Dataset Information

Weighting of Prosodic and Lexical-Semantic Cues for Emotion Identification in Spectrally Degraded Speech and With Cochlear Implants.

ABSTRACT:

Objectives

Normally-hearing (NH) listeners rely more on prosodic cues than on lexical-semantic cues for emotion perception in speech. In everyday spoken communication, the ability to decipher conflicting information between prosodic and lexical-semantic cues to emotion can be important: for example, in identifying sarcasm or irony.

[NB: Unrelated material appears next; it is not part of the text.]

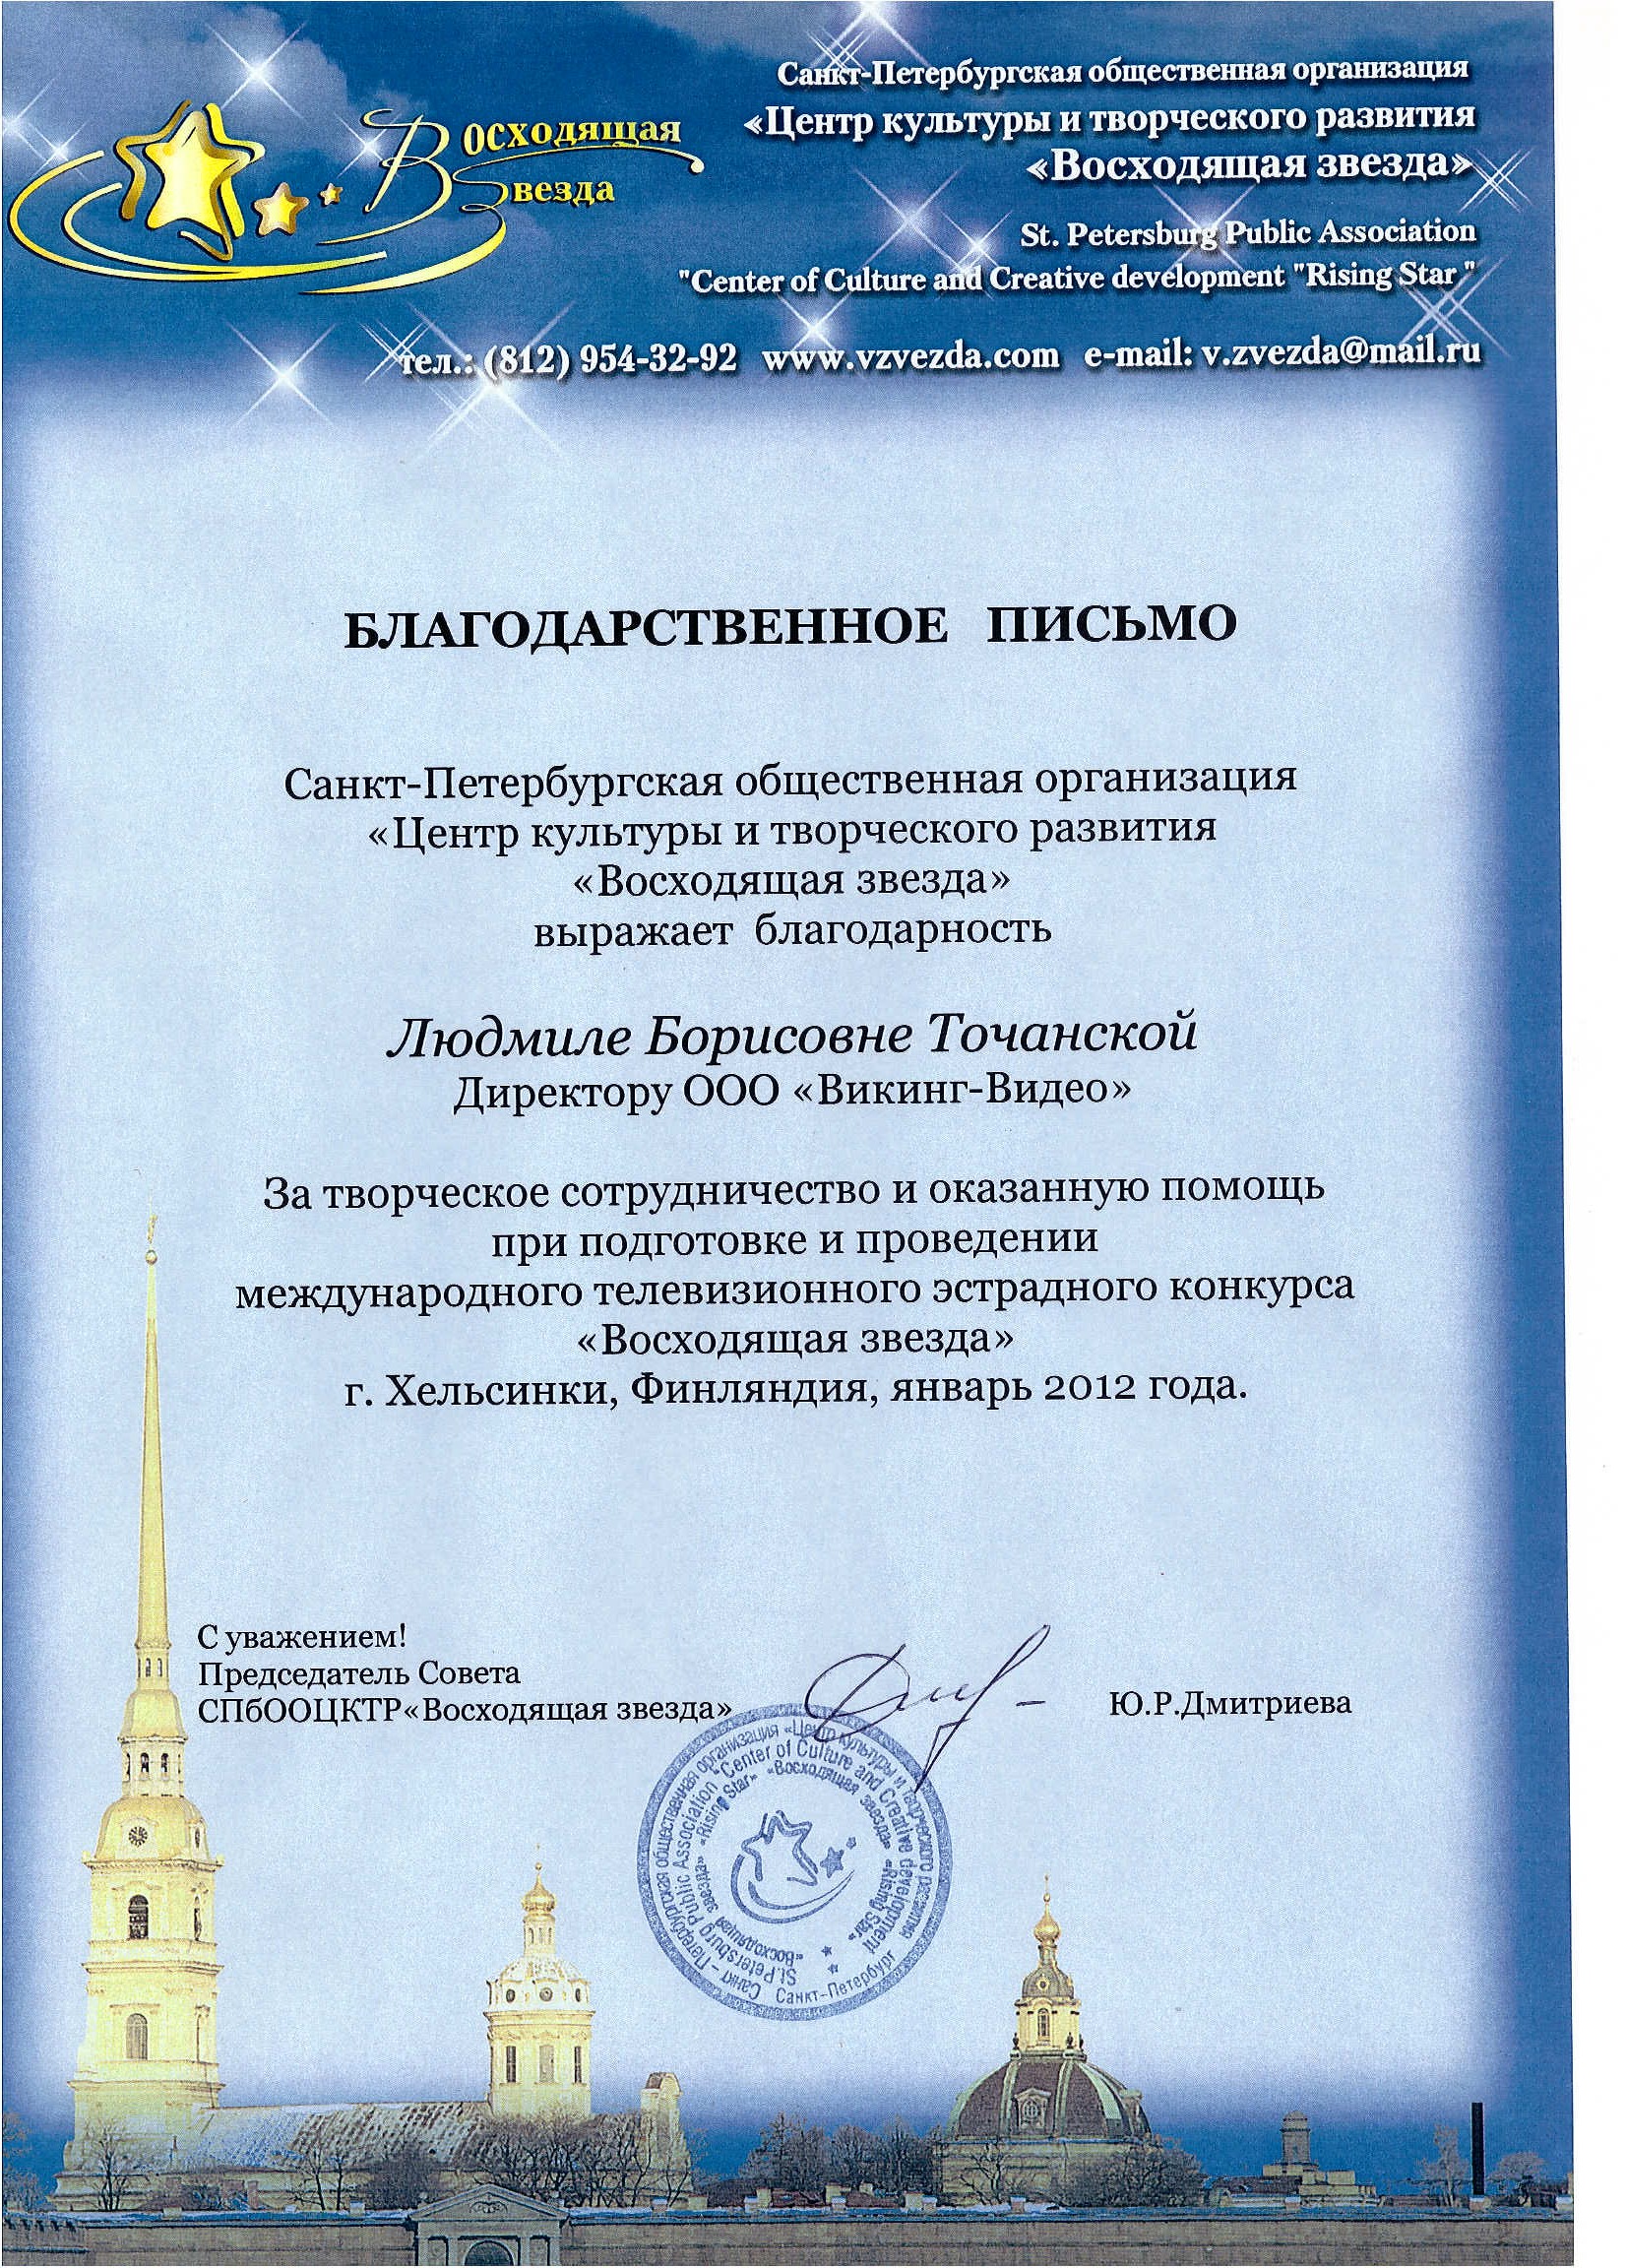 Благодарственное письмо от председателя совета СПБООЦКТР "Восходящая звезда". 2012 год
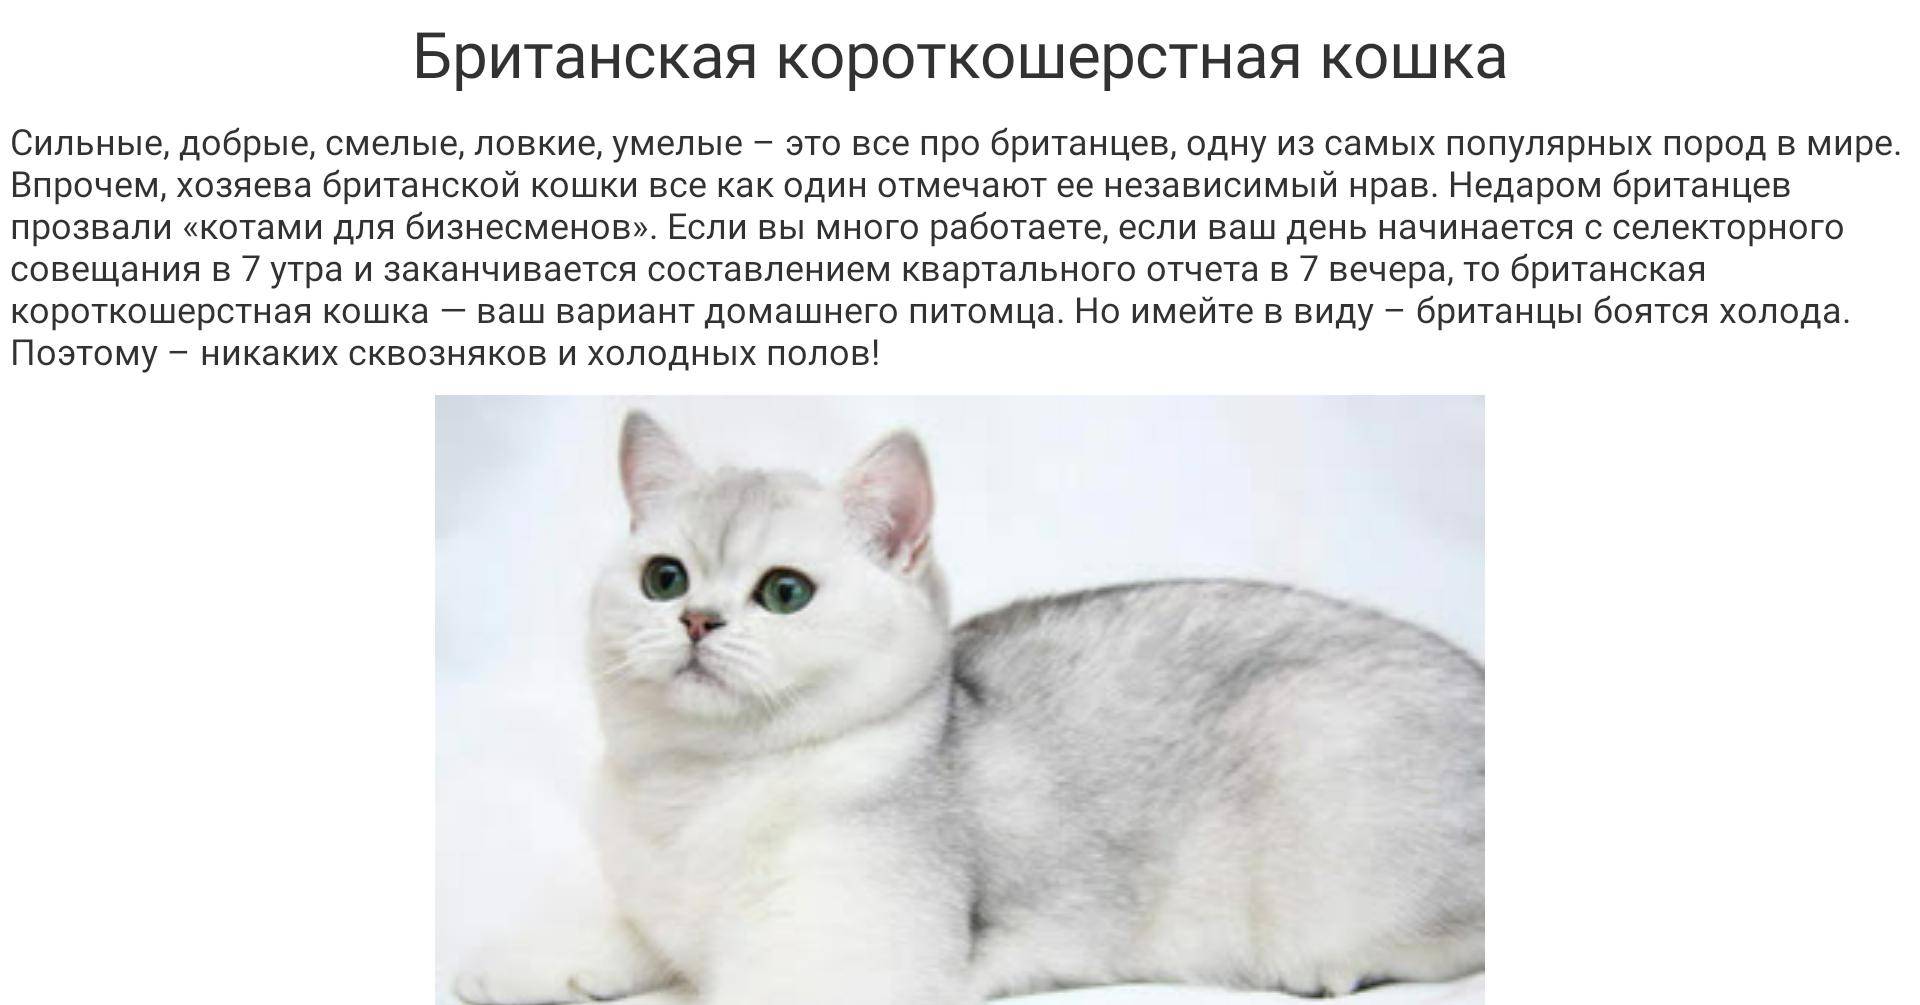 Русская голубая кошка – придворный крысолов. описание и фото русской голубой кошки

Speech degradation in cochlear implants (CIs) can be sufficiently overcome to identify lexical-semantic cues, but the distortion of voice pitch cues makes it particularly challenging to hear prosody with CIs. The purpose of this study was to examine changes in relative reliance on prosodic and lexical-semantic cues in NH adults listening to spectrally degraded speech and adult CI users. We hypothesized that, compared with NH counterparts, CI users would show increased reliance on lexical-semantic cues and reduced reliance on prosodic cues for emotion perception. We predicted that NH listeners would show a similar pattern when listening to CI-simulated versions of emotional speech.

Design

Sixteen NH adults and 8 postlingually deafened adult CI users participated in the study. Sentences were created to convey five lexical-semantic emotions (angry, happy, neutral, sad, and scared), with five sentences expressing each category of emotion. Each of these 25 sentences was then recorded with the 5 (angry, happy, neutral, sad, and scared) prosodic emotions by 2 adult female talkers. The resulting stimulus set included 125 recordings (25 Sentences × 5 Prosodic Emotions) per talker, of which 25 were congruent (consistent lexical-semantic and prosodic cues to emotion) and the remaining 100 were incongruent (conflicting lexical-semantic and prosodic cues to emotion). The recordings were processed to have 3 levels of spectral degradation: full-spectrum, CI-simulated (noise-vocoded) to have 8 channels and 16 channels of spectral information, respectively. Twenty-five recordings (one sentence per lexical-semantic emotion recorded in all five prosodies) were used for a practice run in the full-spectrum condition. The remaining 100 recordings were used as test stimuli. For each talker and condition of spectral degradation, listeners indicated the emotion associated with each recording in a single-interval, five-alternative forced-choice task. The responses were scored as proportion correct, where "correct" responses corresponded to the lexical-semantic emotion. CI users heard only the full-spectrum condition.

Results

The results showed a significant interaction between hearing status (NH, CI) and congruency in identifying the lexical-semantic emotion associated with the stimuli. This interaction was as predicted, that is, CI users showed increased reliance on lexical-semantic cues in the incongruent conditions, while NH listeners showed increased reliance on the prosodic cues in the incongruent conditions. As predicted, NH listeners showed increased reliance on lexical-semantic cues to emotion when the stimuli were spectrally degraded.

Conclusions

The present study confirmed previous findings of prosodic dominance for emotion perception by NH listeners in the full-spectrum condition. Further, novel findings with CI patients and NH listeners in the CI-simulated conditions showed reduced reliance on prosodic cues and increased reliance on lexical-semantic cues to emotion. These results have implications for CI listeners' ability to perceive conflicts between prosodic and lexical-semantic cues, with repercussions for their identification of sarcasm and humor. Understanding instances of sarcasm or humor can impact a person's ability to develop relationships, follow conversation, understand vocal emotion and intended message of a speaker, following jokes, and everyday communication in general.

SUBMITTER: Richter ME

PROVIDER: S-EPMC8545870 | biostudies-literature | 2021 Nov-Dec 01

REPOSITORIES: biostudies-literature

ACCESS DATA

Publications

Weighting of Prosodic and Lexical-Semantic Cues for Emotion Identification in Spectrally Degraded Speech and With Cochlear Implants.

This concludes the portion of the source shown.